Reproducible example

import polars as pl
from torch.utils.data import DataLoader, Dataset

class DummyDataset(Dataset):
    def __init__(self):
        table = {
            "class": ["dog", "cat", "cat", "cat"],
            "path": ["0.png", "1.png", "2.png", "3.png"]
        }
        self.df = pl.DataFrame(table)

    def __getitem__(self, idx: int) -> str:
        file_name = f"{idx}.png"
        sub_df = self.df.filter(pl.col("path") == file_name)
        return sub_df["class"].to_list()[0]

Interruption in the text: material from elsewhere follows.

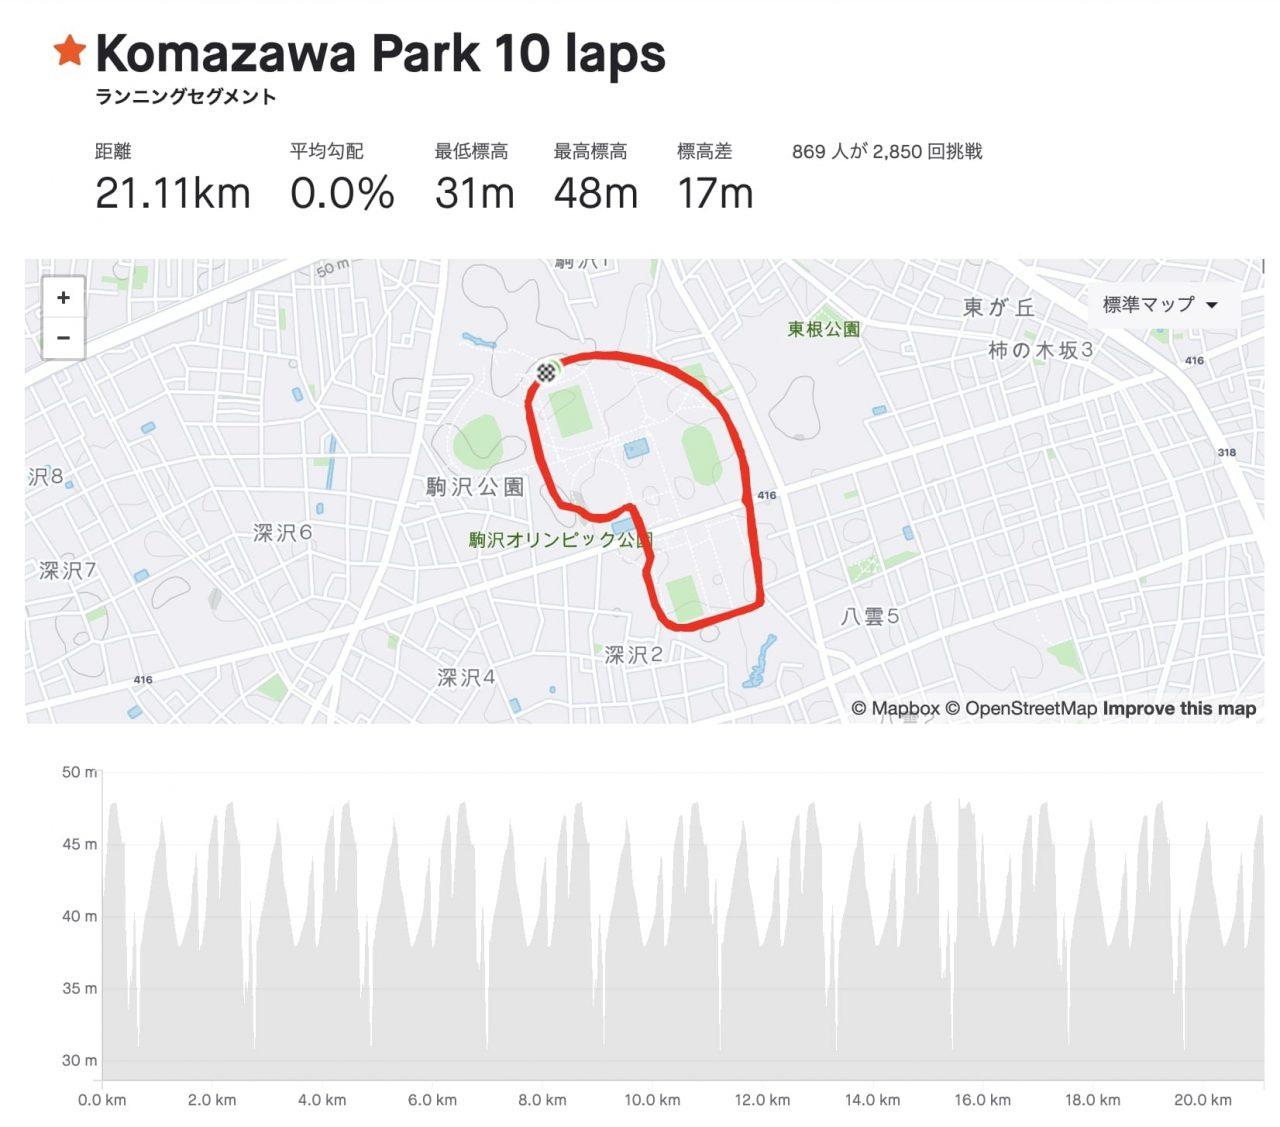 Komazawa Park 10 laps

    def __len__(self) -> int:
        return len(self.df)

dataset = DummyDataset()

# This works fine
for cls in dataset:
    print(cls)

loader_0_workers = DataLoader(dataset, num_workers=0, batch_size=1)
loader_2_workers = DataLoader(dataset, num_workers=2, batch_size=1)

# This works as well
for cls in loader_0_workers:
    print(cls)

# This hangs
for cls in loader_2_workers:
    print(cls)

Log output

dataframe filtered
dataframe filtered
dataframe filtered
dataframe filtered
dataframe filtered
dataframe filtered
dataframe filtered
dataframe filtered
dataframe filtered
Traceback (most recent call last):
  File "/home/martin/polars/example.py", line 37, in <module>
    for cls in loader_2_workers:
  File "/home/martin/miniconda3/envs/pl/lib/python3.10/site-packages/torch/utils/data/dataloader.py", line 631, in __next__
    data = self._next_data()
  File "/home/martin/miniconda3/envs/pl/lib/python3.10/site-packages/torch/utils/data/dataloader.py", line 1329, in _next_data
    idx, data = self._get_data()
  File "/home/martin/miniconda3/envs/pl/lib/python3.10/site-packages/torch/utils/data/dataloader.py", line 1295, in _get_data
    success, data = self._try_get_data()
  File "/home/martin/miniconda3/envs/pl/lib/python3.10/site-packages/torch/utils/data/dataloader.py", line 1133, in _try_get_data
    data = self._data_queue.get(timeout=timeout)
  File "/home/martin/miniconda3/envs/pl/lib/python3.10/multiprocessing/queues.py", line 113, in get
    if not self._poll(timeout):
  File "/home/martin/miniconda3/envs/pl/lib/python3.10/multiprocessing/connection.py", line 257, in poll
    return self._poll(timeout)
  File "/home/martin/miniconda3/envs/pl/lib/python3.10/multiprocessing/connection.py", line 424, in _poll
    r = wait([self], timeout)
  File "/home/martin/miniconda3/envs/pl/lib/python3.10/multiprocessing/connection.py", line 931, in wait
    ready = selector.select(timeout)
  File "/home/martin/miniconda3/envs/pl/lib/python3.10/selectors.py", line 416, in select
    fd_event_list = self._selector.poll(timeout)
KeyboardInterrupt

Issue description

When polars.DataFrame is used inside torch.utils.data.DataLoader with num_workers set to a non-zero value, the DataFrame.filter method freezes.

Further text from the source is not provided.